Appears in 2 contracts
Samples: Indenture (MDC Holdings Inc), Indenture (Key Production Co Inc)
Defeasance upon Deposit of Moneys or U.S. Government Obligations. (a) Each of the Issuer or the Guarantor, may, at its option by Board Resolution, at any time, elect to have the Issuer and the Guarantor discharged from their respective obligations with respect to all Outstanding Securities of a series on the date the conditions set forth below in Section 12.03(b) are satisfied (hereinafter, “defeasance”). For this purpose, such defeasance means that the Issuer shall be deemed to have paid and discharged the entire indebtedness represented by the Outstanding Securities of such series, which shall thereafter be deemed to be “Outstanding” only for the purposes of Section 12.03(c) and the other Sections of this Indenture referred to in clause (i), (ii), (iii) and (v) below, and the Issuer and the Guarantor shall be deemed to have satisfied all their other obligations under such Securities, the Guarantee and this Indenture (and the Trustee, on demand of and at the expense of the Issuer and the Guarantor, shall execute proper instruments acknowledging the same), except for the following which shall survive until otherwise terminated or discharged hereunder:
(i) the rights of Holders of Outstanding Securities of such series to receive solely from the trust fund described in Section 12.03(c) and as more fully set forth in such Section, payments in respect of the principal of and interest on such Securities (and any Additional Amounts payable in respect thereof) when such payments are due, or on the Redemption Date, as the case may be;
(ii) the Issuer’s and the Guarantor’s obligations with respect to such Securities under Sections 3.02, 3.03, 3.05, 3.06, 3.07, 3.08 and 3.12;
(iii) the rights, powers, trusts, duties and immunities of the Trustee under this Indenture and the Issuer’s and the Guarantor’s obligations in connection therewith;
(iv) this Section 12.03; and
(v) the obligations of the Issuer and the Guarantor to pay any Additional Amounts under Section 6.08 except to the extent such obligations are satisfied out of amounts in the trust fund.

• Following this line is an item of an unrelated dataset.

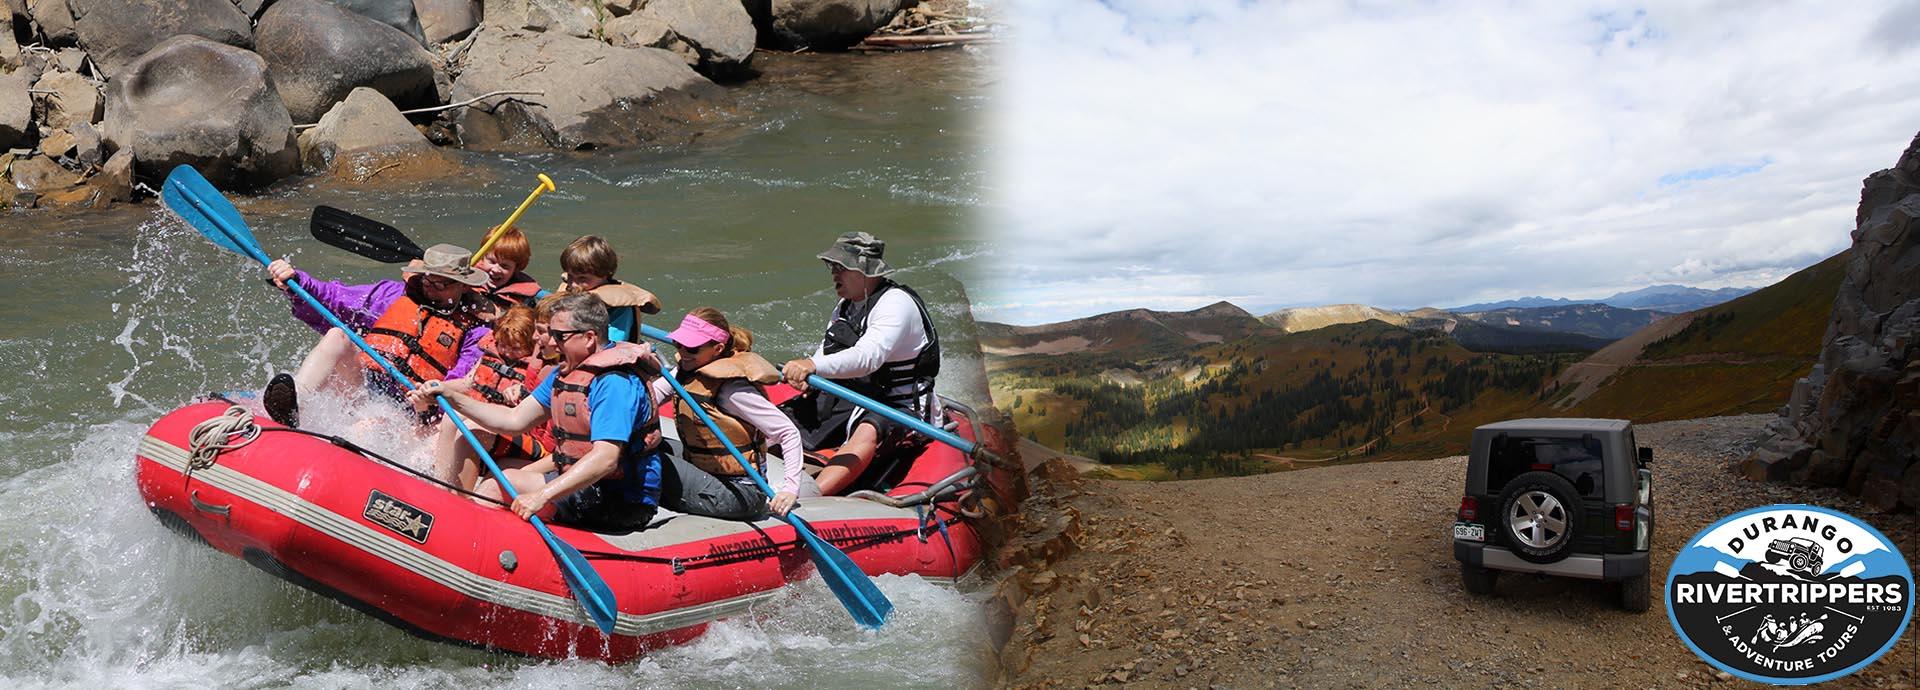 Rafting in Durango, Colorado
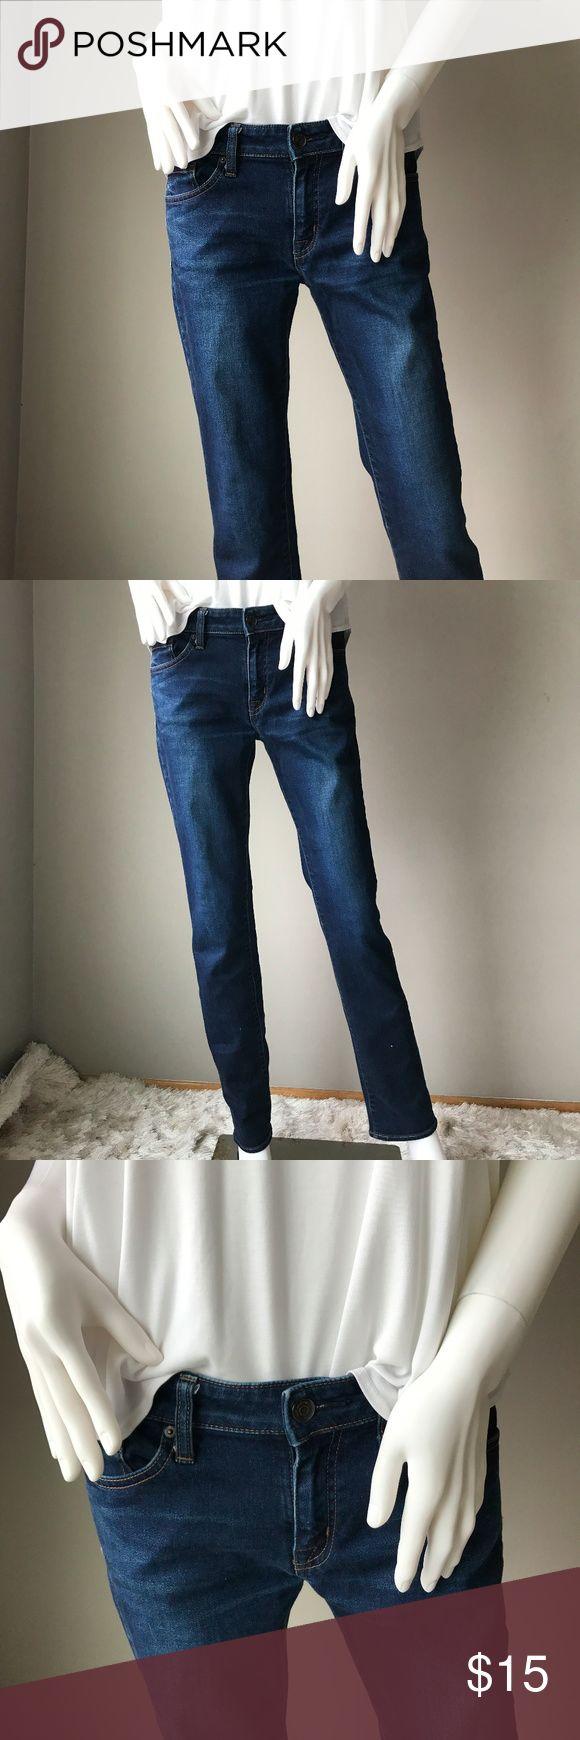 Uniqlo straight cut blue jeans Super comfortable and stylish Uniqlo straight cut blue jeans. Good condition. Outer seam 39 in inner seam 31 in. Button to crotch 10 in. Uniqlo Jeans Straight Leg

(b) The following shall be the conditions to application of Section 12.03(a) to the Outstanding Securities of a series:
(i) The Issuer or the Guarantor shall irrevocably have deposited or caused to be deposited with the Trustee as trust funds in trust for the purpose of making the following payments, specifically pledged as security for, and dedicated solely to, the benefit of the Holders of such Securities, (1) cash in U.S. Dollars in an amount, or (2) U.S. Government Obligations which through the scheduled payment of principal and interest in respect thereof in accordance with their terms will provide, not later than one Business Day before the due date of any payment on the Securities, cash in U.S. Dollars in an amount, or (3) a combination thereof, in such amounts as will be sufficient, in the opinion of a nationally recognized firm of independent public accountants in the United States expressed in a written certification thereof delivered to the Trustee, to pay and discharge and which shall be applied by the Trustee to pay and discharge the principal of and interest on (and any Additional Amounts payable in respect thereof) the Outstanding Securities on the Stated Maturity of such principal of and interest on the Securities (and any Additional Amounts payable in respect thereof); provided that the Trustee shall have been irrevocably instructed by the Issuer in writing to apply such money or the proceeds of such U.S. Government Obligations to said payments with respect to the Securities;
(ii) The Issuer or the Guarantor shall have delivered to the Trustee an opinion of independent legal counsel of recognized standing licensed to practice law in the United States that (1) the Issuer or the Guarantor has received from, or there has been published by, the U.S. Internal Revenue Service a ruling or (2) since the original issue date of the Securities of such series, there has been a change in the applicable U.S. federal income tax law, in either case to the effect that, and based thereon such opinion shall confirm that, the Holders of the Outstanding Securities of such series will not recognize income, gain or loss for U.S. federal income tax purposes as a result of such defeasance and will be subject to U.S. federal income tax on the same amounts, in the same manner and at the same times as would have been the case if such defeasance had not occurred;
(iii) No Default or Event of Default with respect to the Securities of such series shall have occurred and be continuing on the date of such deposit or at any time in the period ending on the 91st day after the date of such deposit;
(iv) Such election under Section 12.03(a) shall not result in a breach or violation of, or constitute a default under, this Indenture or any other material agreement or instrument to which the Issuer or the Guarantor is a party or by which the Issuer or the Guarantor is bound;
(v) The Issuer shall have delivered to the Trustee an Opinion of Counsel to the effect that after the 91st day following such deposit, the trust funds will not be subject to the effect of any applicable bankruptcy, insolvency, reorganization or similar laws affecting creditors’ rights generally;
(vi) The Issuer or the Guarantor, as the case may be, shall have delivered to the Trustee an Officer’s Certificate stating that the deposit made by it pursuant to its election under Section 12.03(a) was not made with the intent of preferring the Holders over its other creditors or with the intent of defeating, hindering, delaying or defrauding its creditors or others; and
(vii) Each of the Issuer and the Guarantor shall have delivered to the Trustee an Officer’s Certificate and an Opinion of Counsel, each stating that all conditions precedent provided for herein relating to the defeasance under Section 12.03(a) have been complied with as contemplated by this Section 12.03(b).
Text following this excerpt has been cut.